ABOUT THIS TASK
Set down the data again word for word. Skip any pictures.

DATA
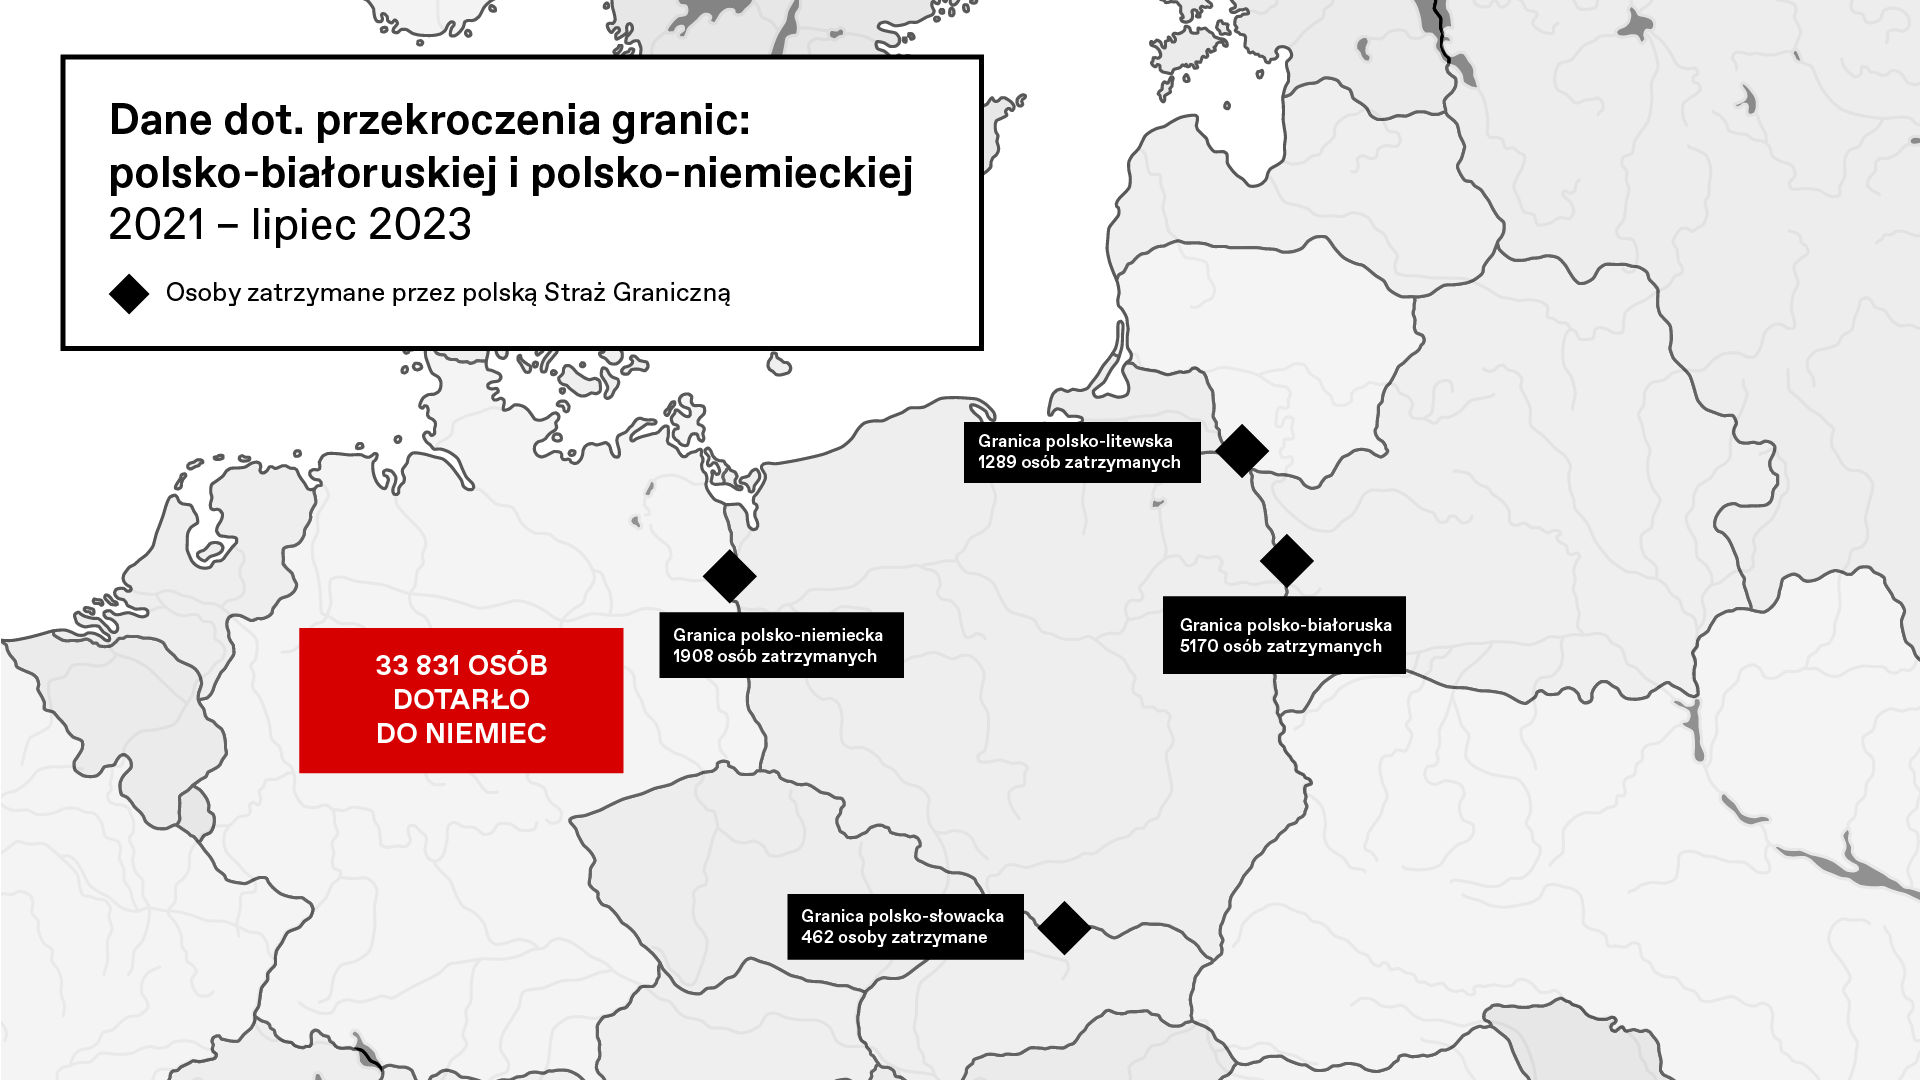 mapa z liczbami pokazuje, ile osób z granicy polski-bialoruskiej trafiło do Niemiec
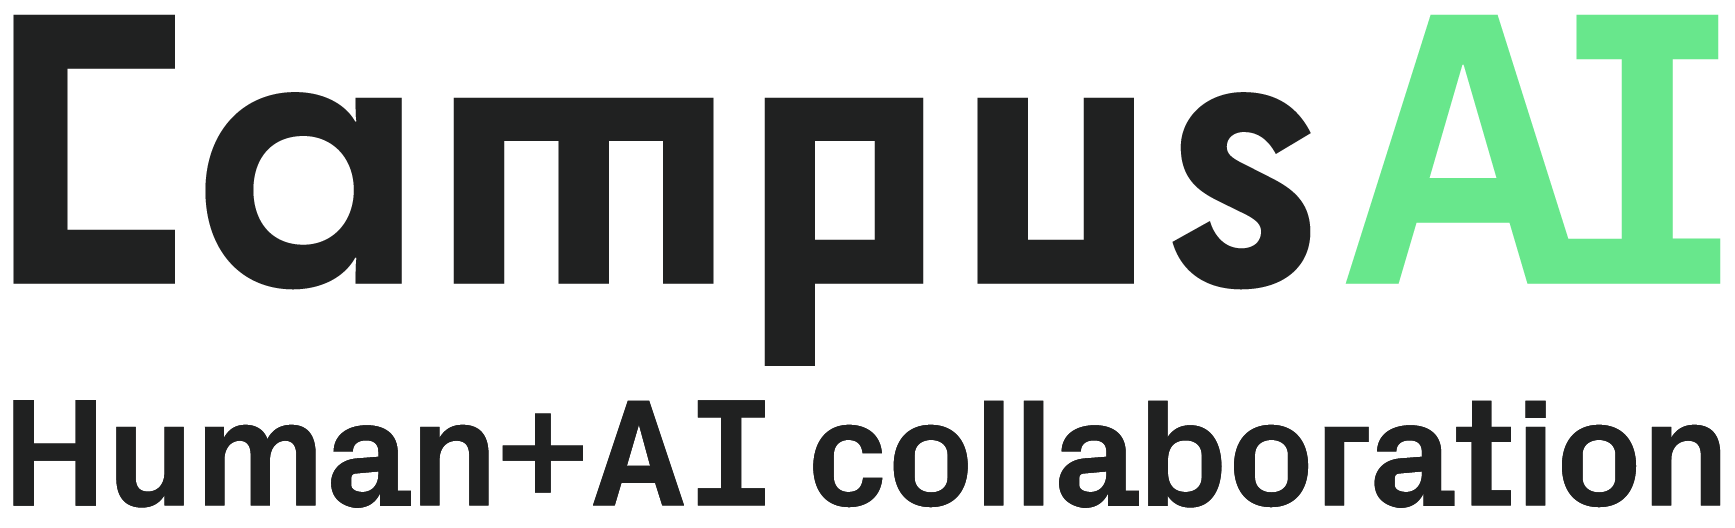 CampusAI | Human+AI Collaboration
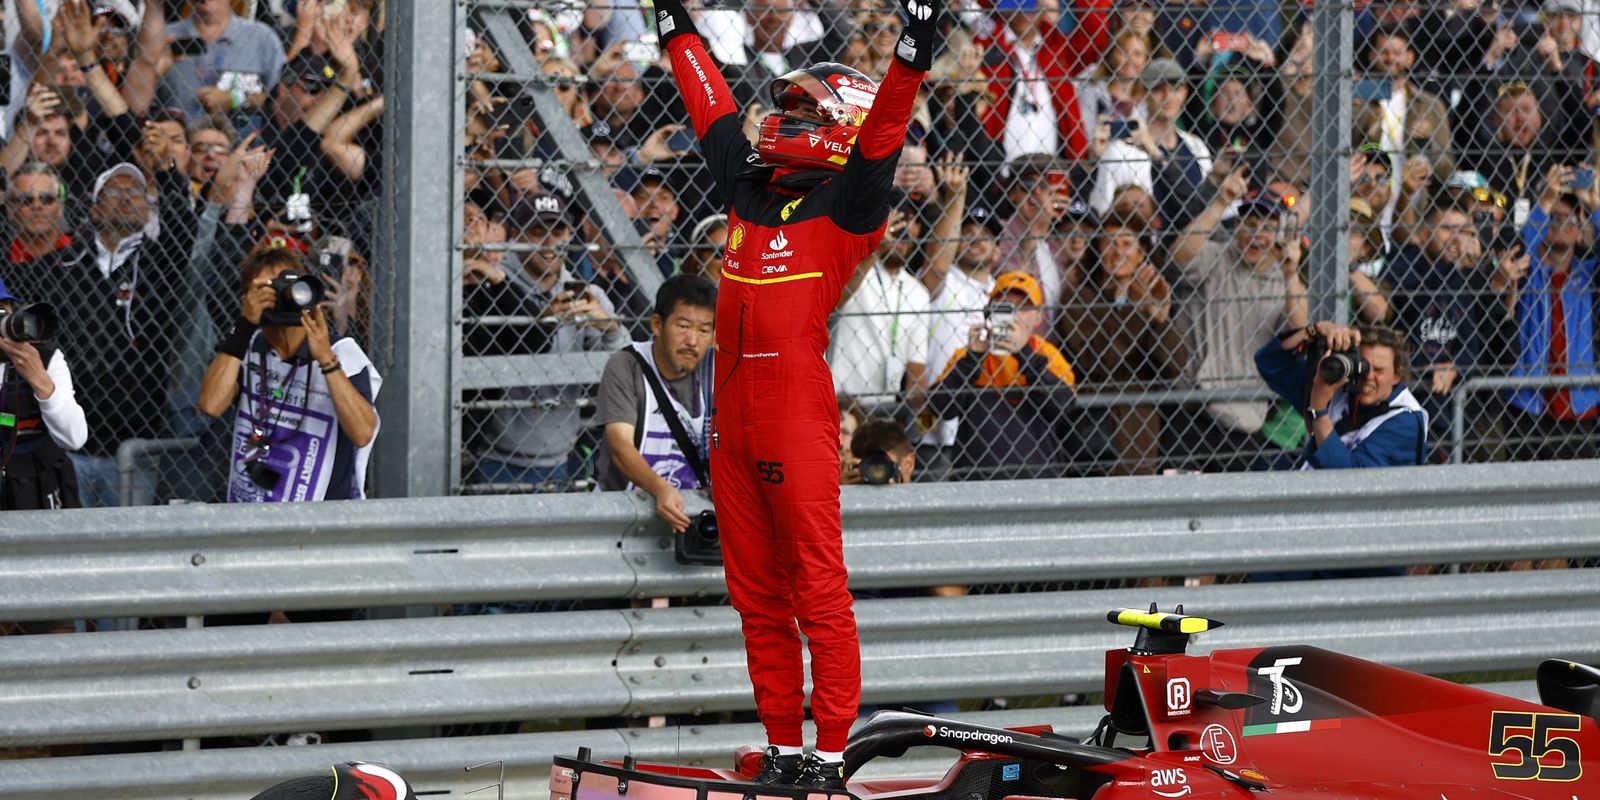 Carlos Sainz triunfa en Silverstone, su primera victoria en F1

PROBLEM SOLUTION
 mapa z liczbami pokazuje, ile osób z granicy polski-bialoruskiej trafiło do Niemiec
 CampusAI | Human+AI Collaboration
 Carlos Sainz triunfa en Silverstone, su primera victoria en F1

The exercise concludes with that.